**Data section**:
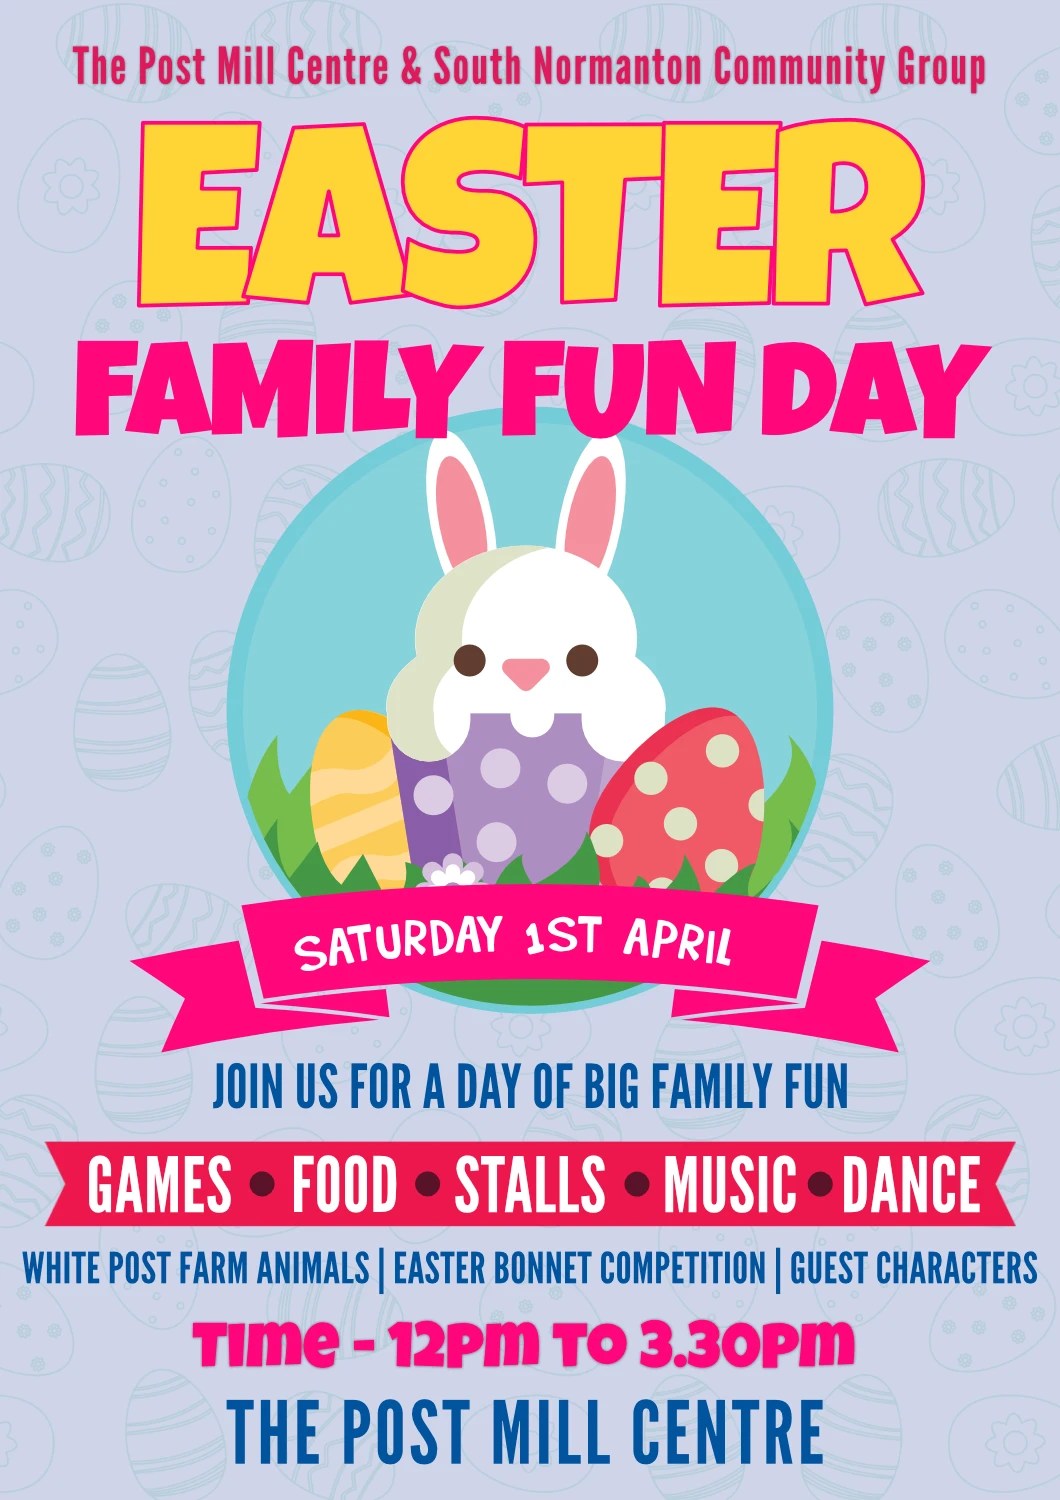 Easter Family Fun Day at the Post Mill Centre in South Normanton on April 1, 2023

---

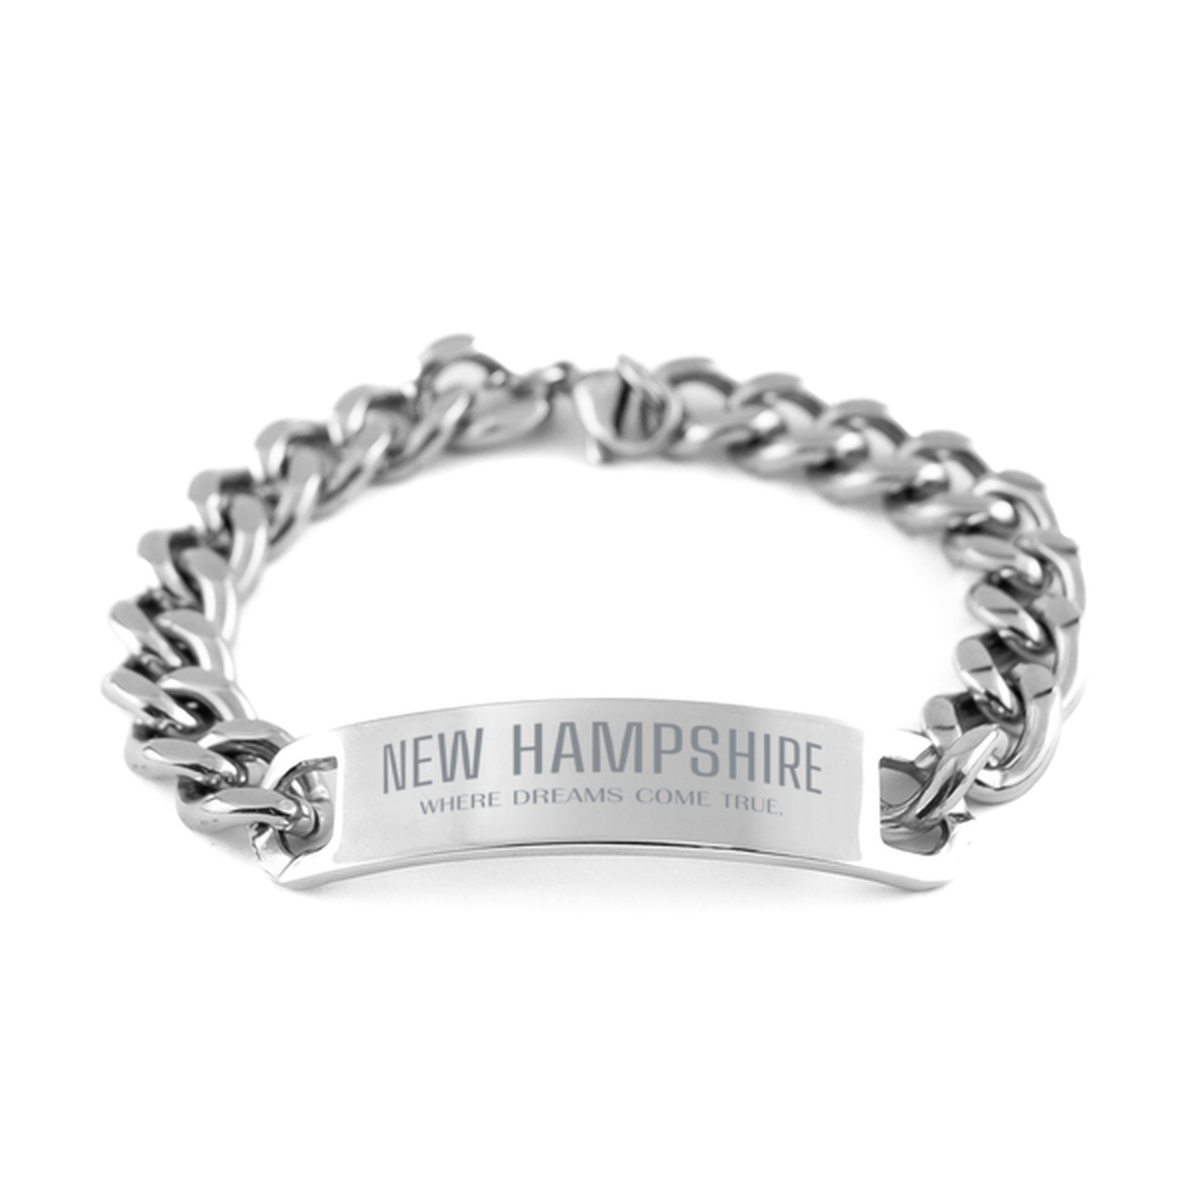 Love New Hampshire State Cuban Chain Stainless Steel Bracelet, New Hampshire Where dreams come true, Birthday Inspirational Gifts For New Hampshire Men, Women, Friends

---

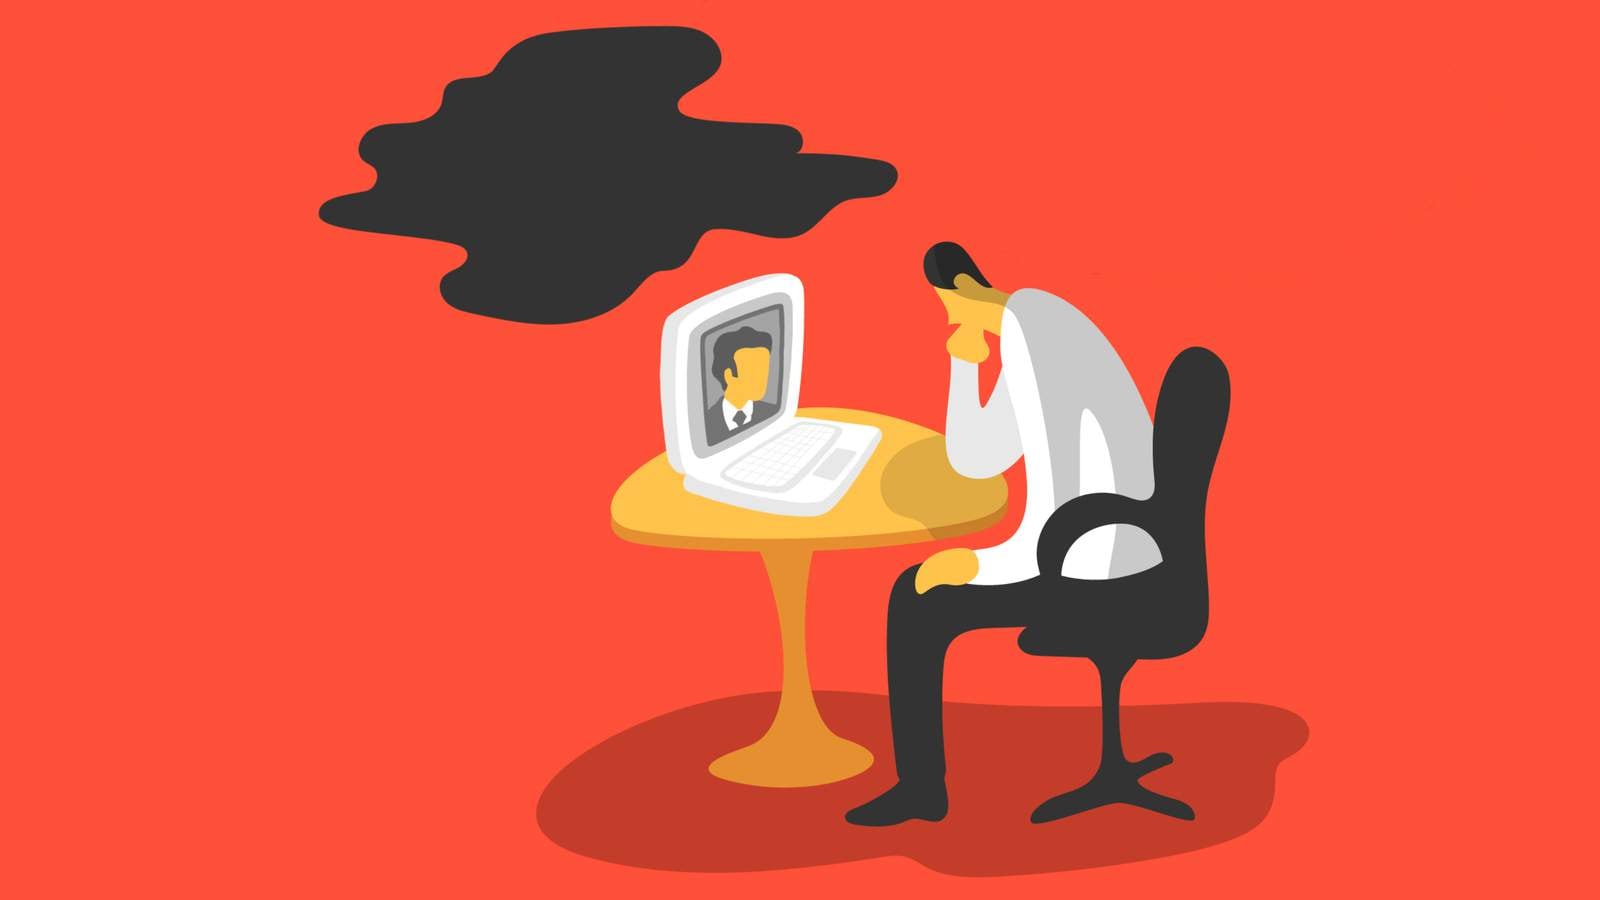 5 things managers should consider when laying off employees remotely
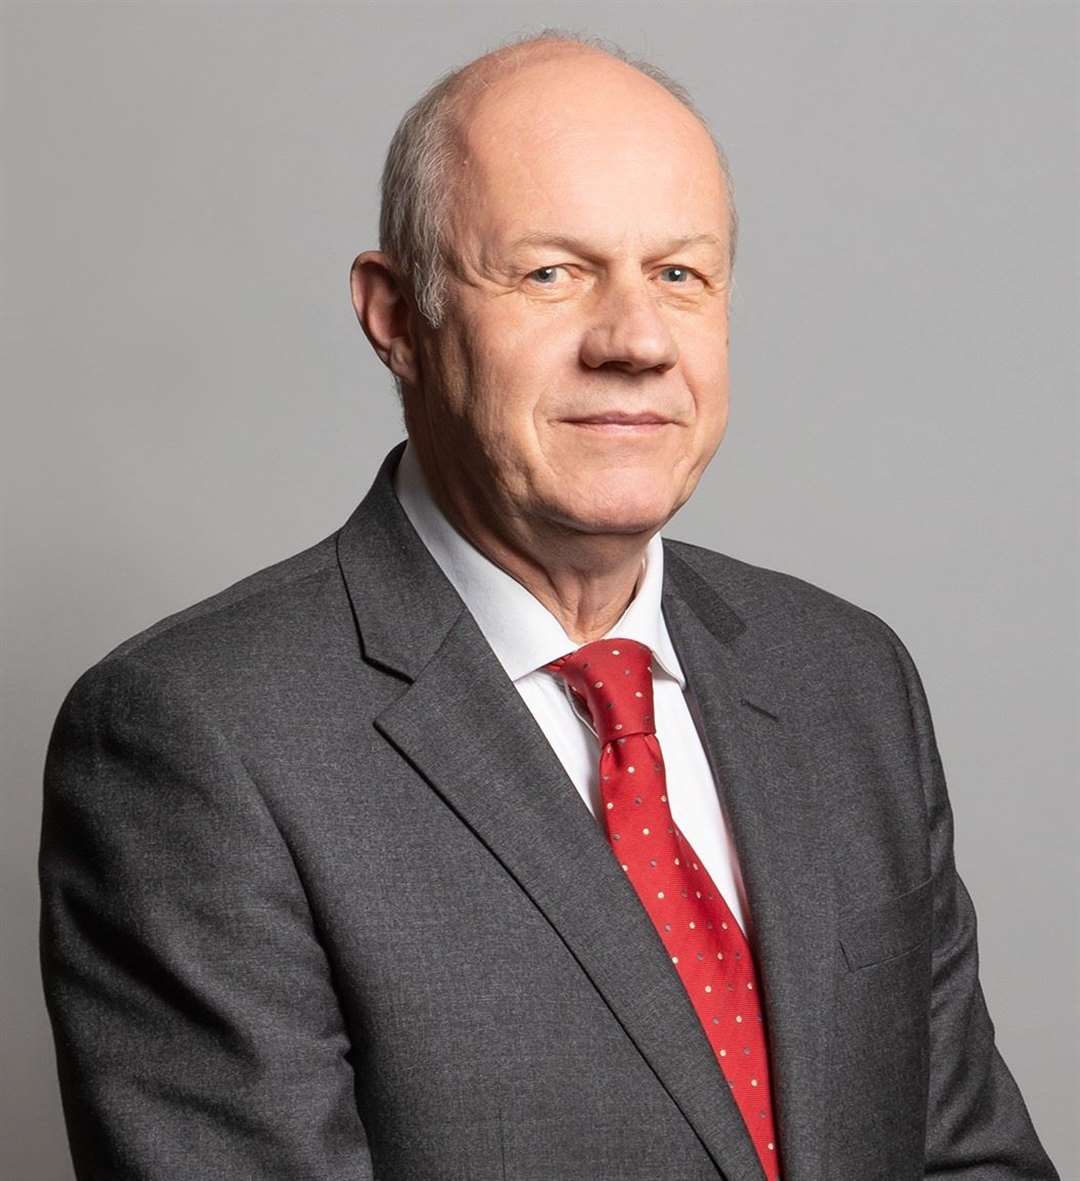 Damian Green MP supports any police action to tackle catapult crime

**Exercise**:
Copy the lines above exactly, starting at the one with "5 things managers" and ending at the one with "Damian Green MP", both included. Leave out any pictures and add nothing else.

**Task answer**:
 5 things managers should consider when laying off employees remotely
 Damian Green MP supports any police action to tackle catapult crime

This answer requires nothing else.